La prevalencia del CI daba por sentado que una persona era inteligente si tenía títulos académicos o una gran capacidad dentro de alguna disciplina. Para muchos aún hoy el CI define científicamente la aptitud que determina nuestro camino en la vida. Pero en el mejor de los casos, el CI parece aportar tan sólo un 20% de los factores determinantes del éxito (lo cual supone que el 80% restante depende de otra clase de factores; de una inteligencia que no pasa por el intelecto de la persona).

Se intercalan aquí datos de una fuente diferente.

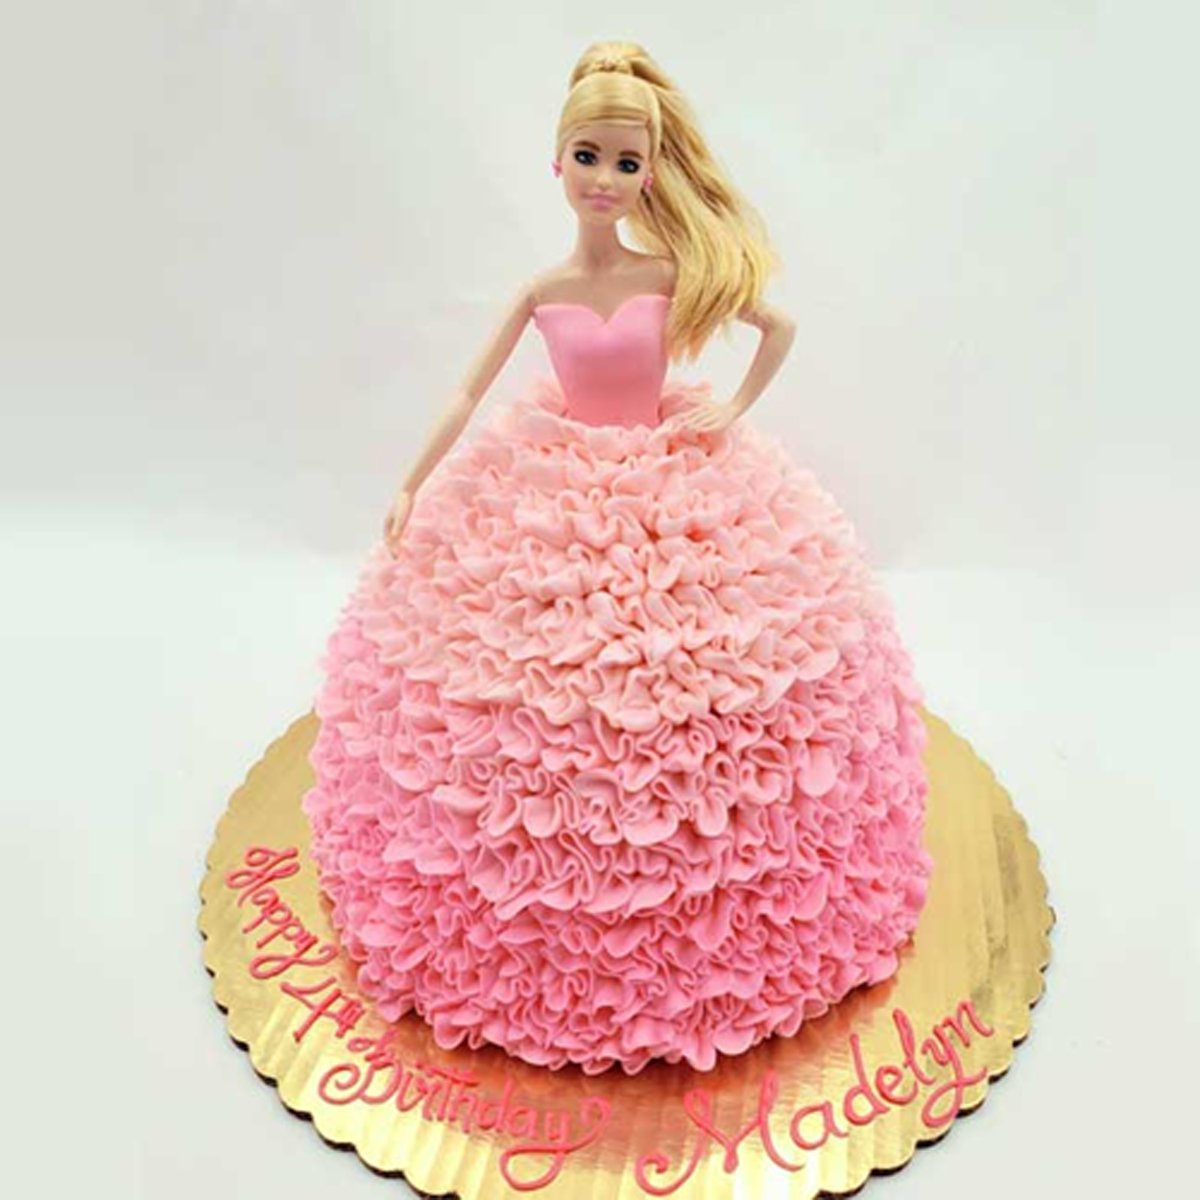 Fairy Princess Doll cake - Decorated Cake by Rachel - CakesDecor

Más tarde, en 1990, los psicólogos John Mayer y Peter Salovey hablaron del concepto “inteligencia emocional” definiéndola como “un tipo de inteligencia social que incluye la habilidad de supervisar y entender las emociones propias y las de los demás, discriminar entre ellas, y usar la información para guiar el pensamiento y las acciones de uno”.
Pero fue Daniel Goleman (psicólogo y periodista) quien, en 1995, con su libro “Inteligencia emocional”, popularizó el término y amplió el concepto. Básicamente, Goleman habla de inteligencia emocional cuando se refiere a la habilidad de las personas para reconocer sentimientos propios y ajenos, saber manejarlos, crear una motivación propia y ser capaz de gestionar relaciones interpersonales con éxito. Se denomina también “coeficiente emocional” (CE) y, si bien normalmente relacionamos la inteligencia con el cerebro y las emociones con el corazón, ambos coeficientes (el intelectual y el emocional) tienen origen en funciones cerebrales.

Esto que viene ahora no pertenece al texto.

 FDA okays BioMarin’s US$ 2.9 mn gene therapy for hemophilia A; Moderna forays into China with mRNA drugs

Tradicionalmente, se consideró que el conocimiento útil era sólo aquel relacionado con el dominio de la ciencia y la cultura. Pero casi en el inicio de su libro, Goleman dedica un capítulo titulado “Cuando el listo es tonto” a ilustrar con ejemplos el modo en que el CI de ninguna manera define por completo a un individuo como “inteligente” ni determina su éxito en modo alguno.

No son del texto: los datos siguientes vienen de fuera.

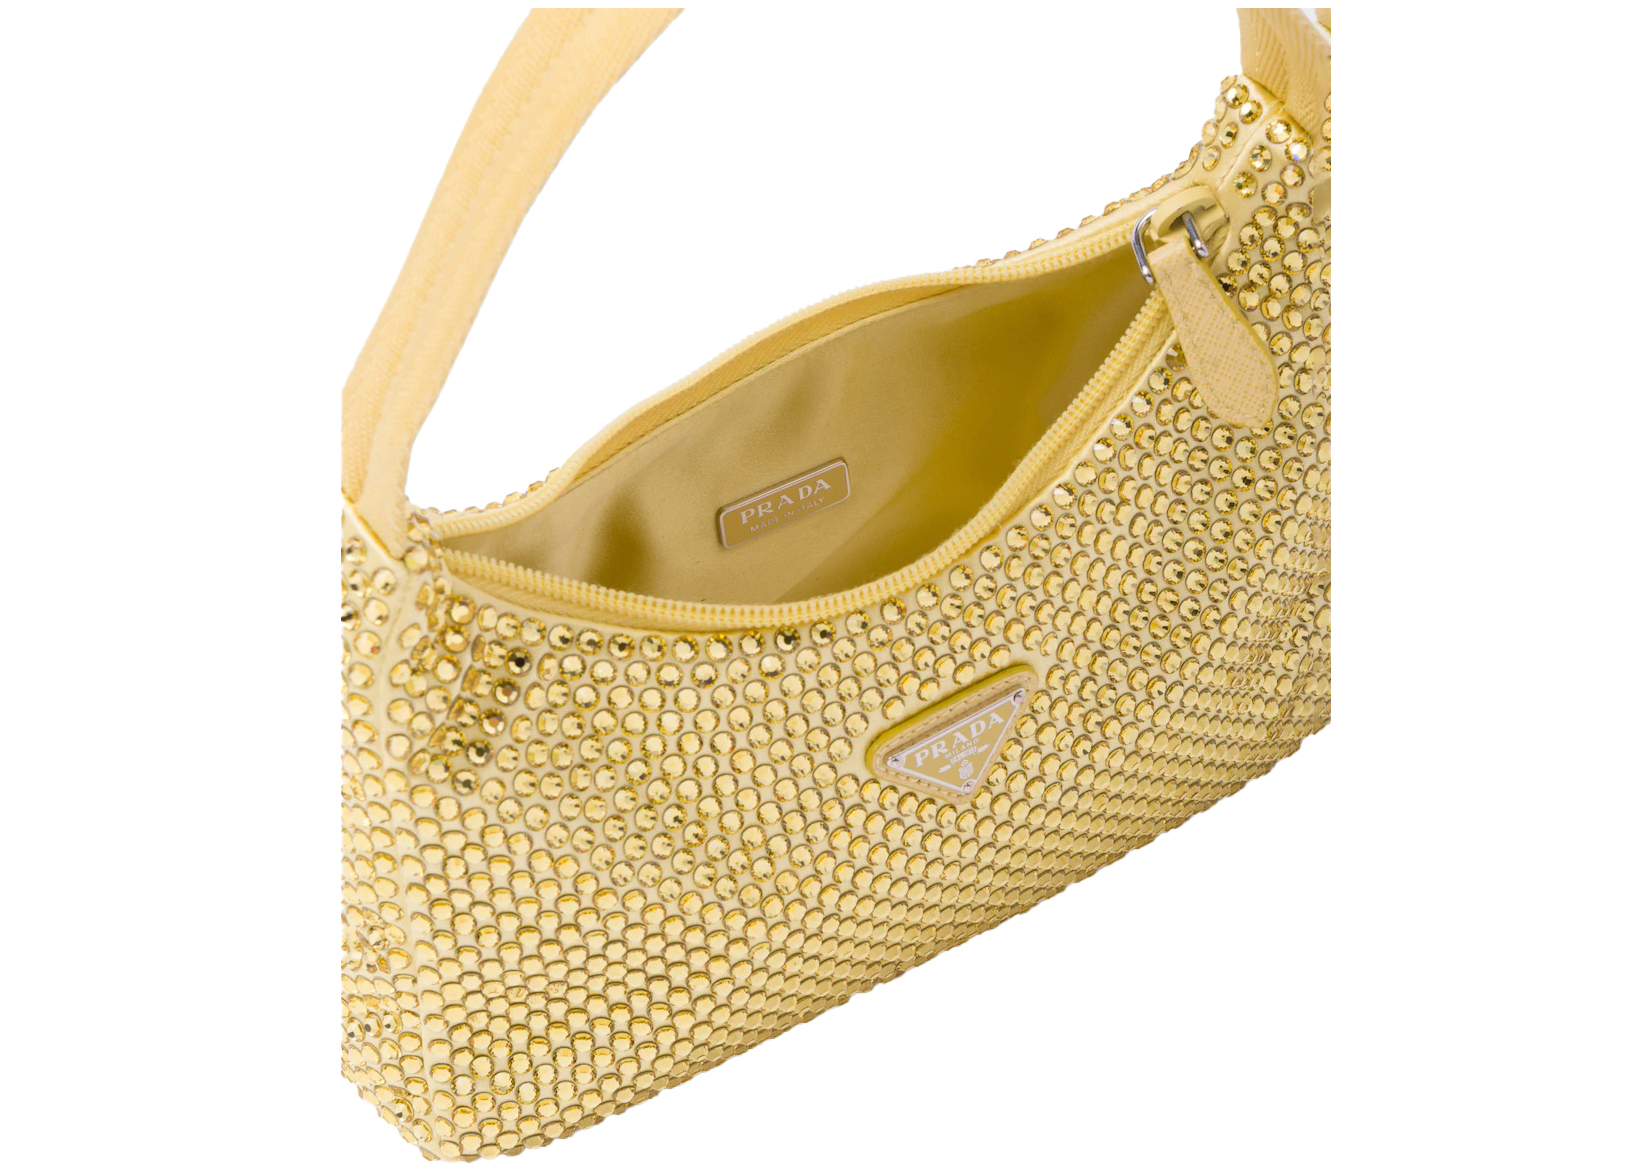 Prada Cleo Satin Bag With Appliques Pineapple Yellow

En sociedades con tecnologías más avanzadas, donde la cuestión del liderazgo se hizo esencial, comenzó a verse que el manejo de las relaciones interpersonales, que incluye aspectos de carácter emocional, cobra una mayor relevancia y su dominio está más cerca del logro del éxito en la vida personal y laboral.
De hecho, la inteligencia emocional es responsable de un 85% a 90% del éxito de los líderes de las organizaciones.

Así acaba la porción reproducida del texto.